Violence erupted again in 1964 when a Congolese faction known as Simba rebelled against the government. This time, the men stayed behind at their respective mission stations while the women and children were sent to the capital for several weeks. Ms. DeHolton, then 6, recalls that time, which they spent crowded into a single building with a number of missionary families, well. She was frightened enough by the rumors of missionaries being killed to have nightmares, but it was an adventure to play with American kids her age and attend school for the first time.

After they left the Congo, Ms. Deer worked for a few months as a mailroom supervisor at the American Baptist Seminary of the West in Berkeley and then for a few years as the administrative assistant of the alumni affairs office of Virginia Union University in Richmond, Virginia. She was very happy in her work there.

She spent the last 15 years of her life at Pilgrim Place in Claremont, where she volunteered each year with the Pilgrim Festival and lent her editing skills to the resident directory. Ms. Deer found many friends, a few of whom were old acquaintances, other retired missionaries she knew from her time in the Congo.

Ms. Deer spoke English, French, Kituba and Kikongo, typed and proofread New Testament Greek, knew a little German, and had begun to revive her high school Spanish at the time that she died. She appeared in the 1965 volume of Outstanding Young Women of America and received an Alumnae Citation from Keuka College in 1982.

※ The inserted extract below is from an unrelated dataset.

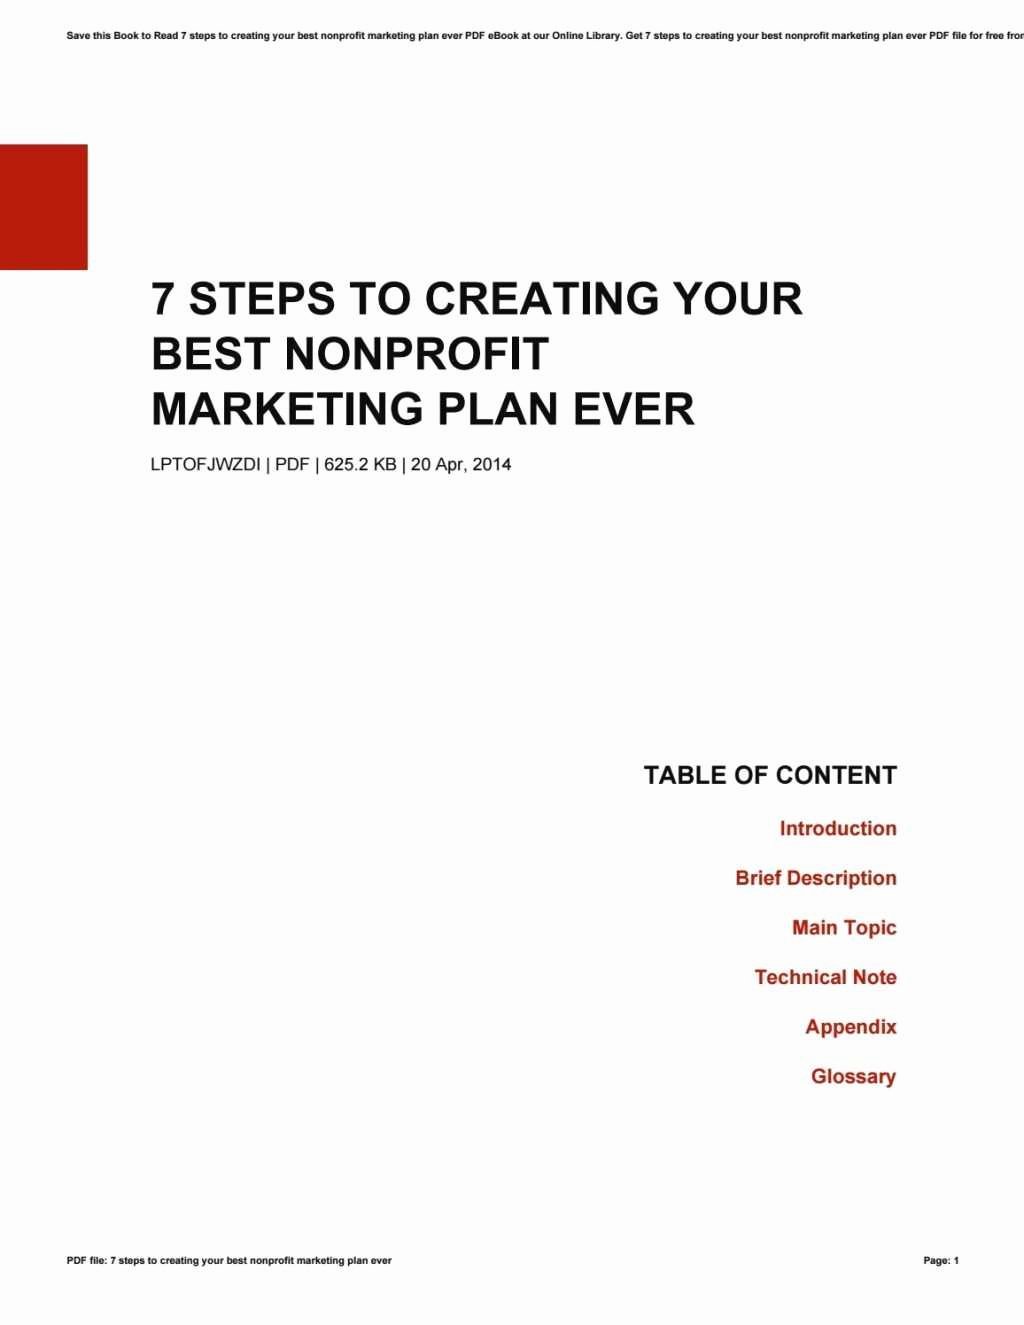 Nonprofit Marketing Plan Template Best Of Fresh Sample Strategic Plan Nonprofit organization

The memory of Ms. Deer will serve as an inspiration to family and friends for years to come, according to her brother.

“Barbara had an extraordinarily loving nature and a deep faith in God,” Rev. Sloat said. Ms. Deer’s younger daughter, Marie Deer, added, “She was a faithful friend; an amazing, funny, and unpredictable mother; and the most devoted wife any of us have ever seen.”

Ms. Deer leaves behind her husband of 57 years, Donald Deer. She is also survived by 2 daughters, Ruthy DeHolton and Marie Deer; by 4 grandchildren, a son-in-law and her brother John Sloat; and by many nieces and nephews. She was a member of the First Baptist Church of Rochester, New York.

A memorial service for Ms. Deer will be held Saturday, November 17 at 3:30 p.m. in Pilgrim Place’s Decker Hall, followed by a reception in the Napier Common Room.